WHAT THE TASK REQUIRES:
Start to finish, print the data below exactly, without the images.

INFORMATION SHOWN:
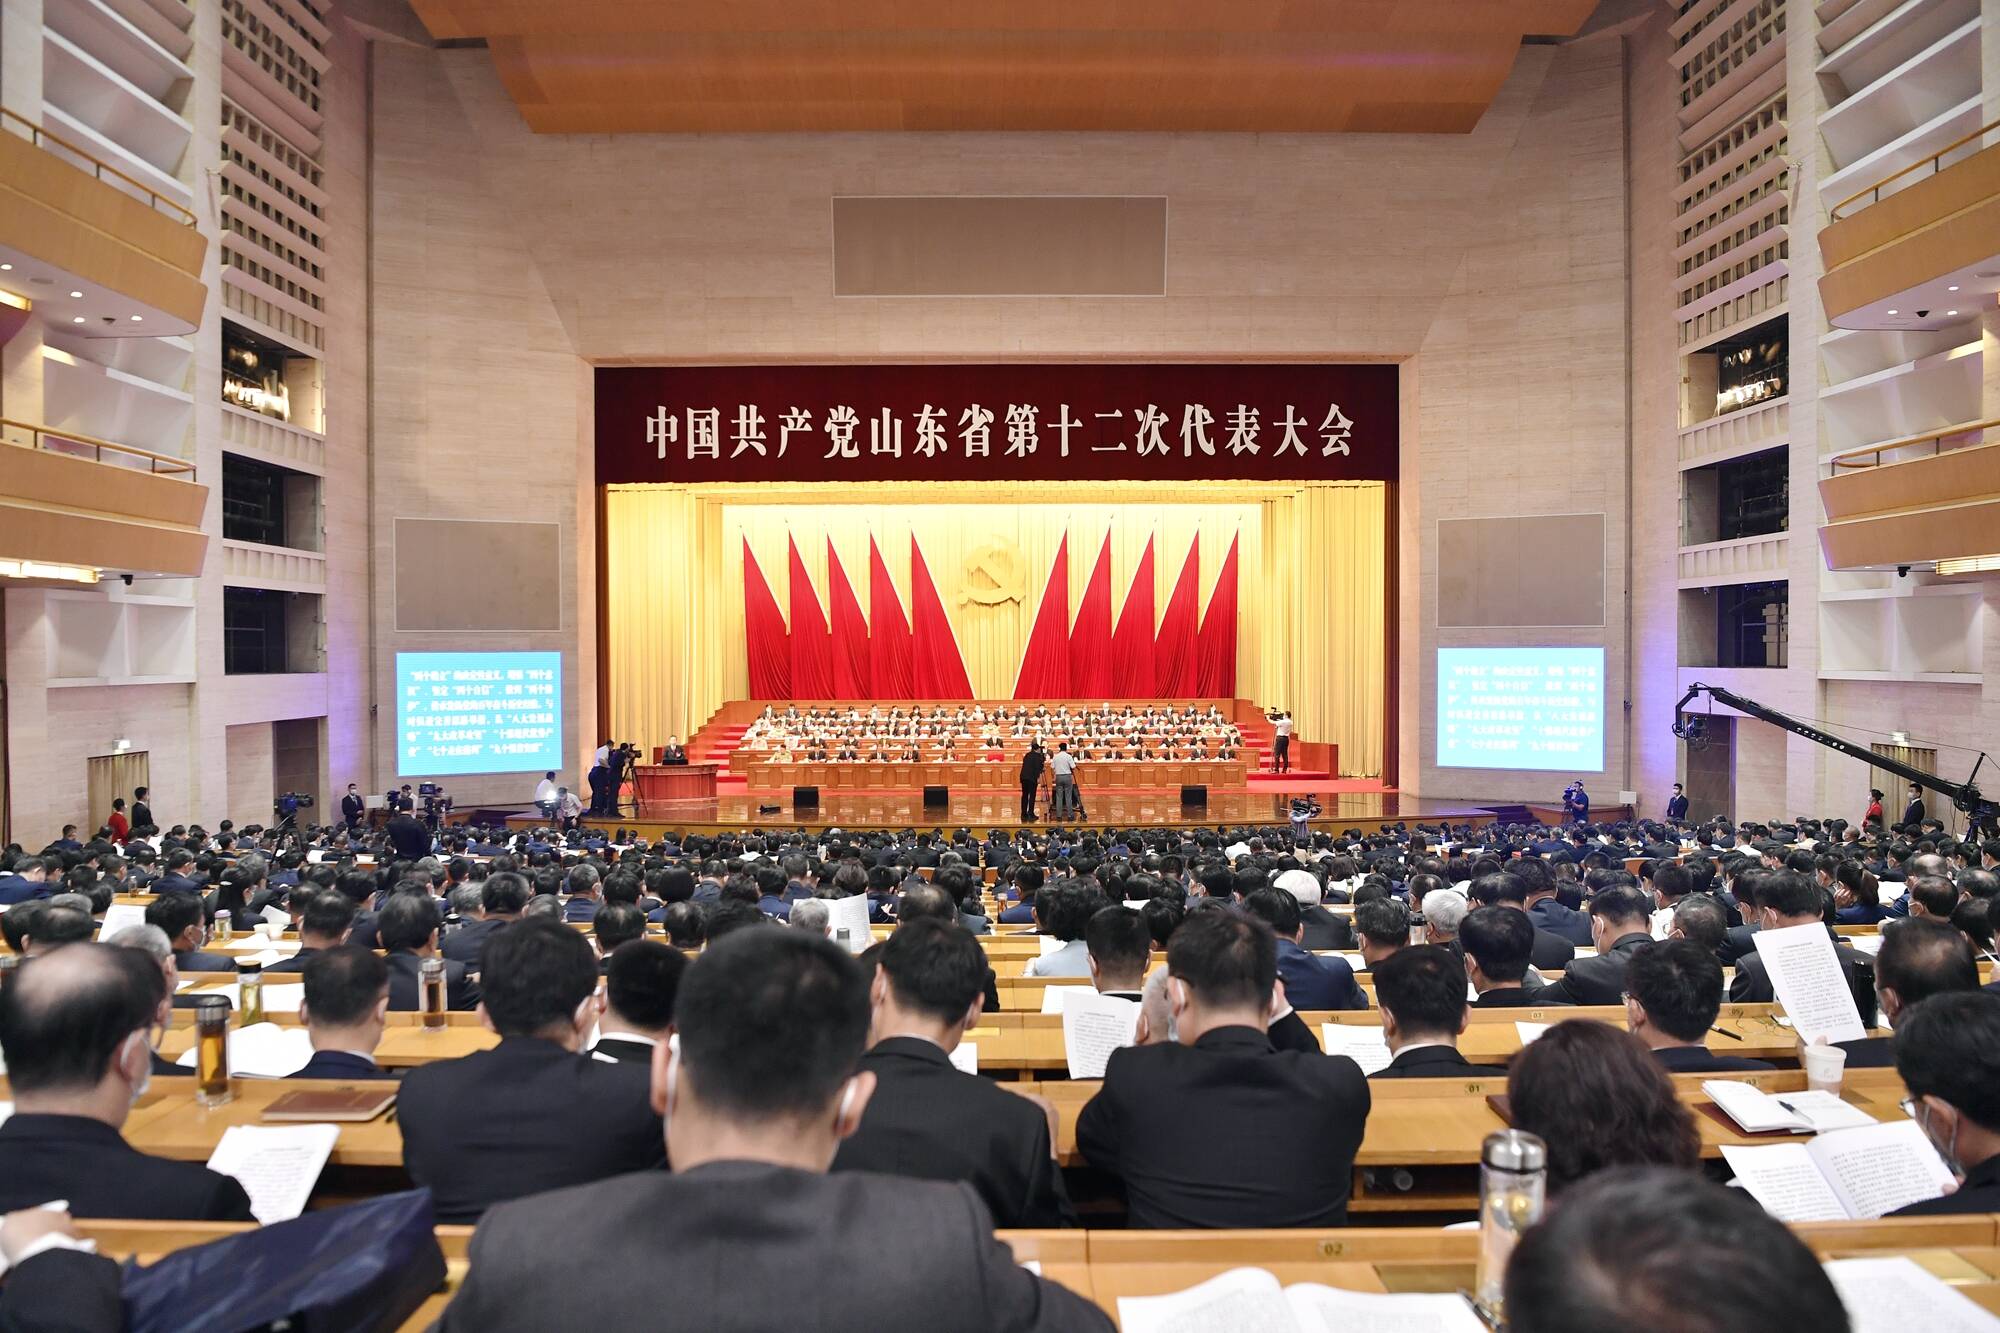 高清組圖 | 中國共產黨山東省第十二次代表大會開幕
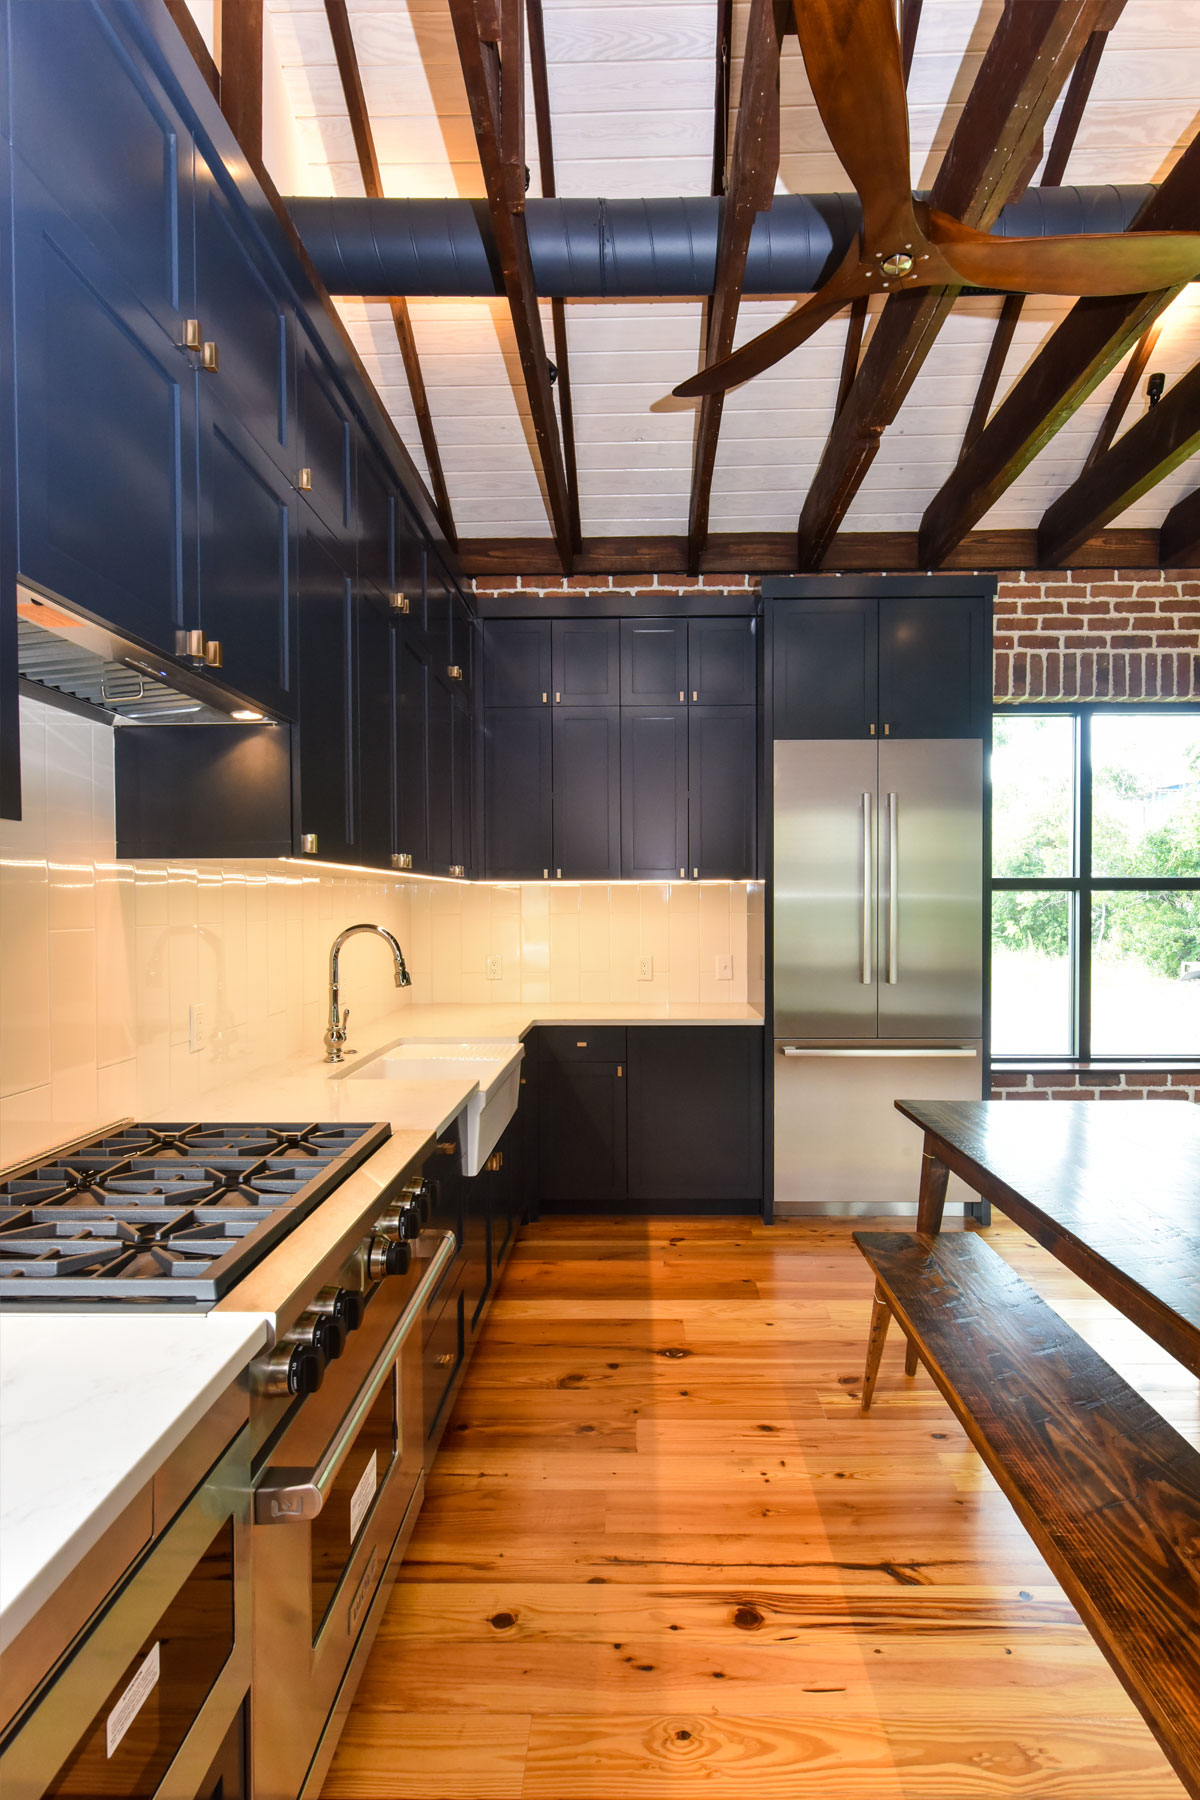 Dark navy cabinets in modern coastal kitchen design
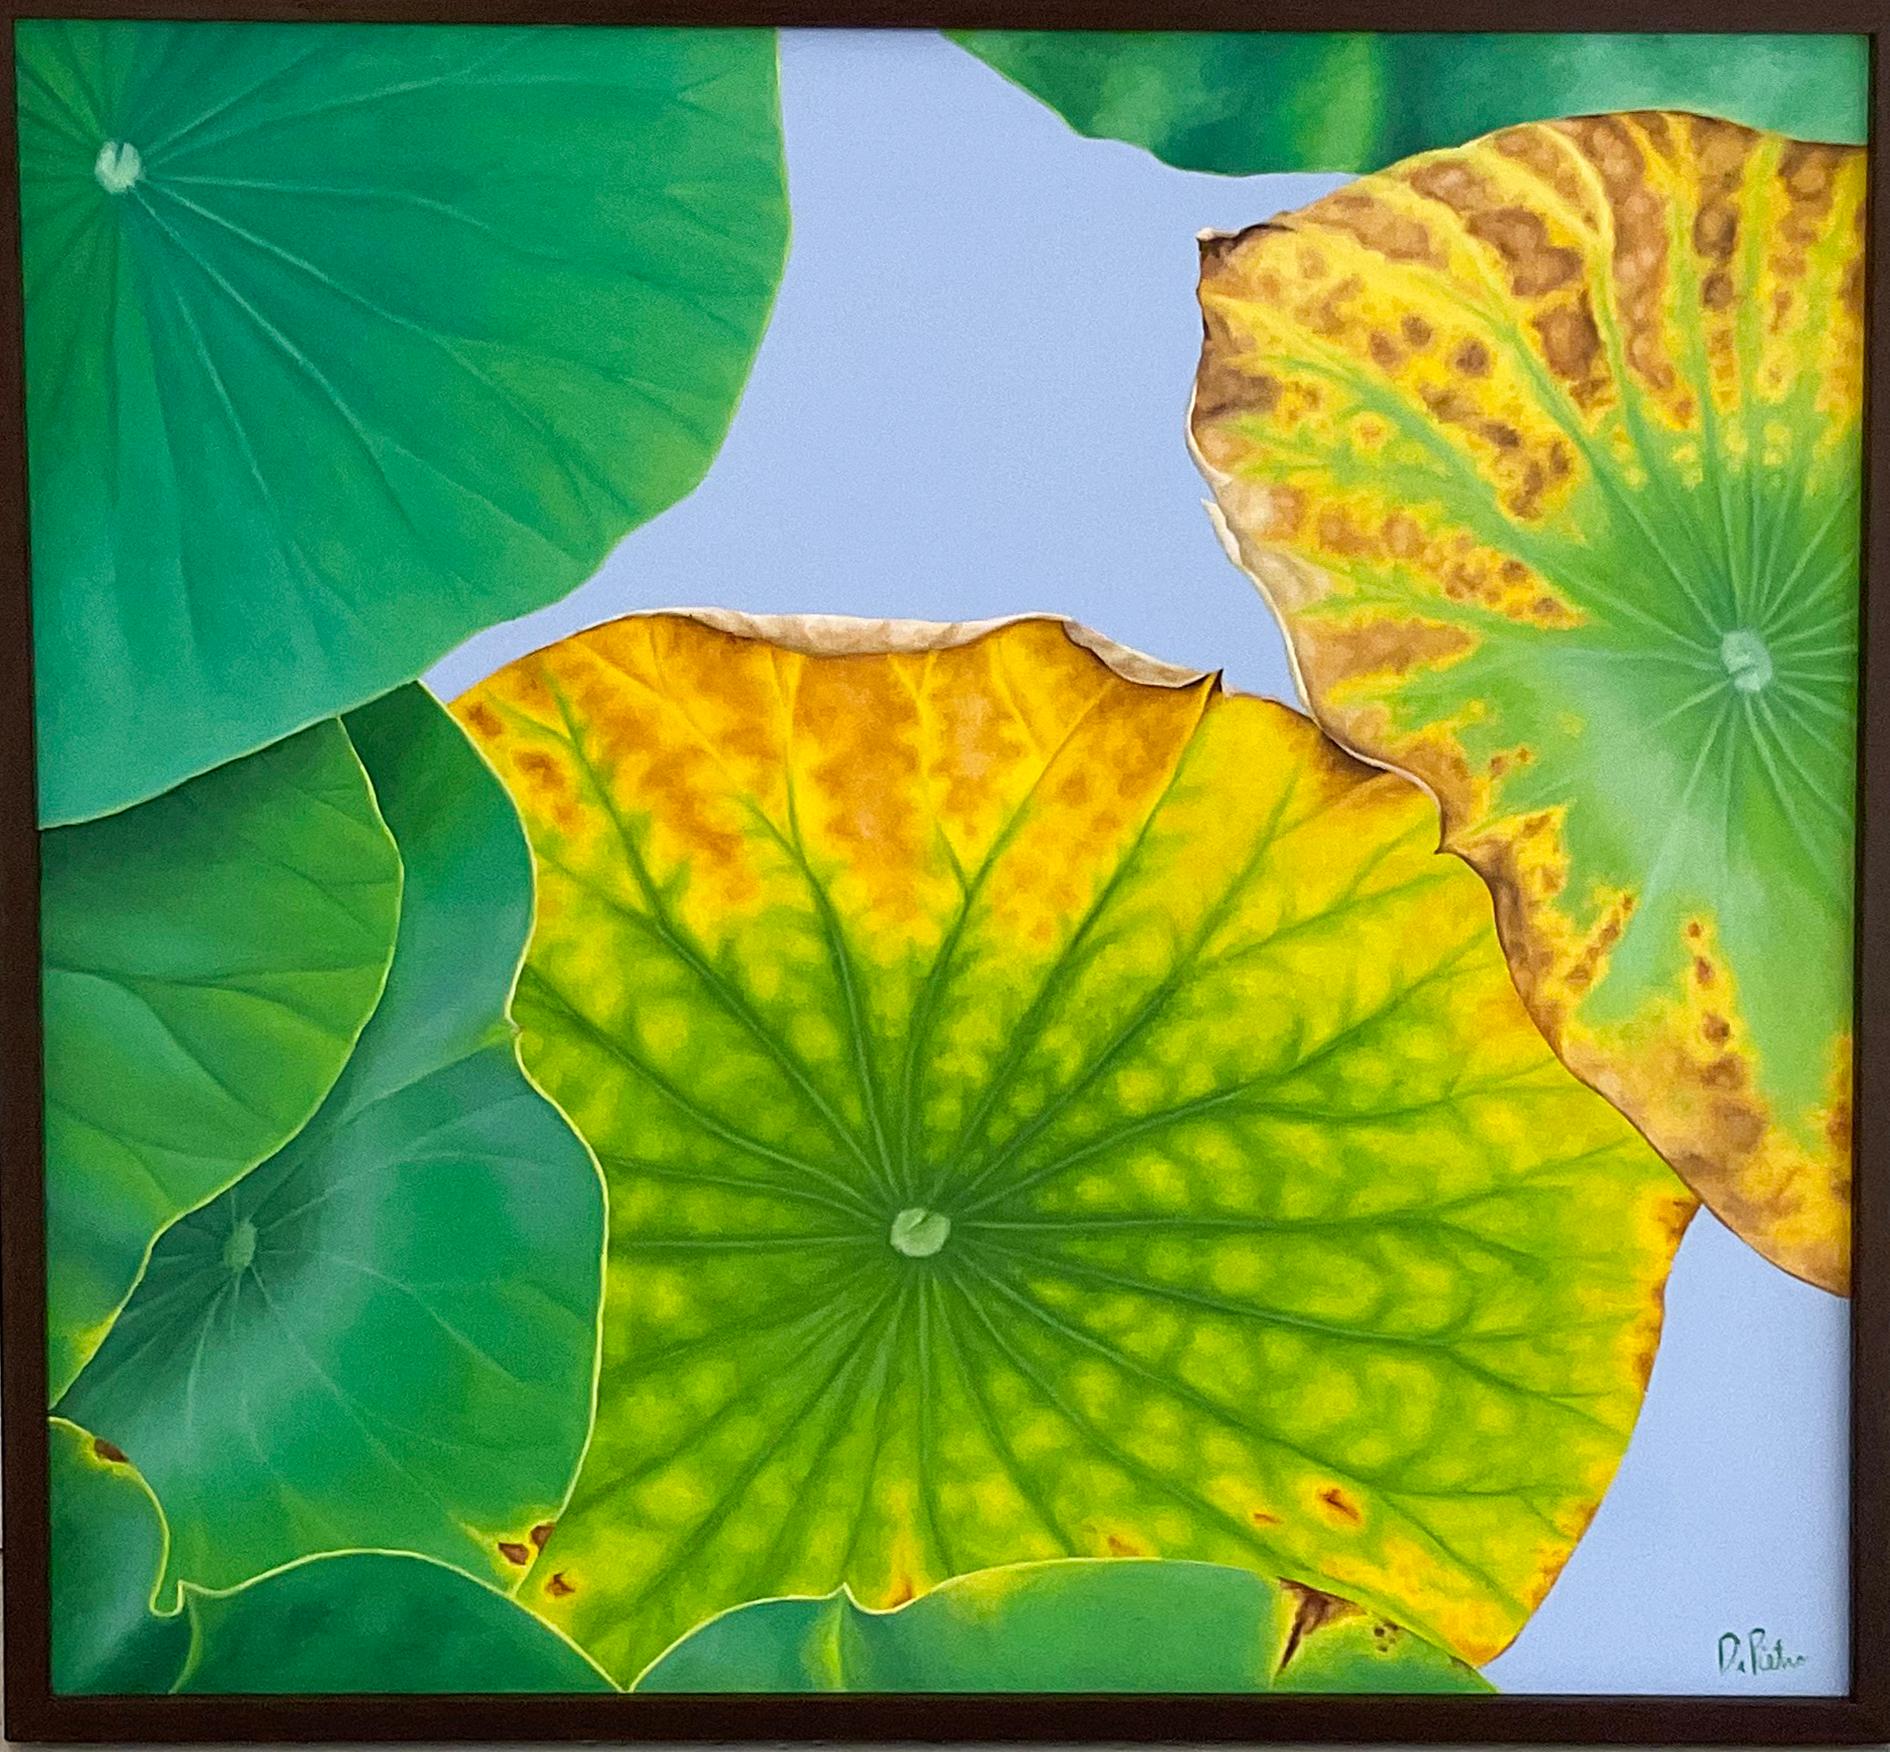 Lotus 30 : Nature morte réaliste photographique d'une feuille de lotus verte sur gris

SOLUTION TO THE PROBLEM:
 高清組圖 | 中國共產黨山東省第十二次代表大會開幕
 Dark navy cabinets in modern coastal kitchen design
 Lotus 30 : Nature morte réaliste photographique d'une feuille de lotus verte sur gris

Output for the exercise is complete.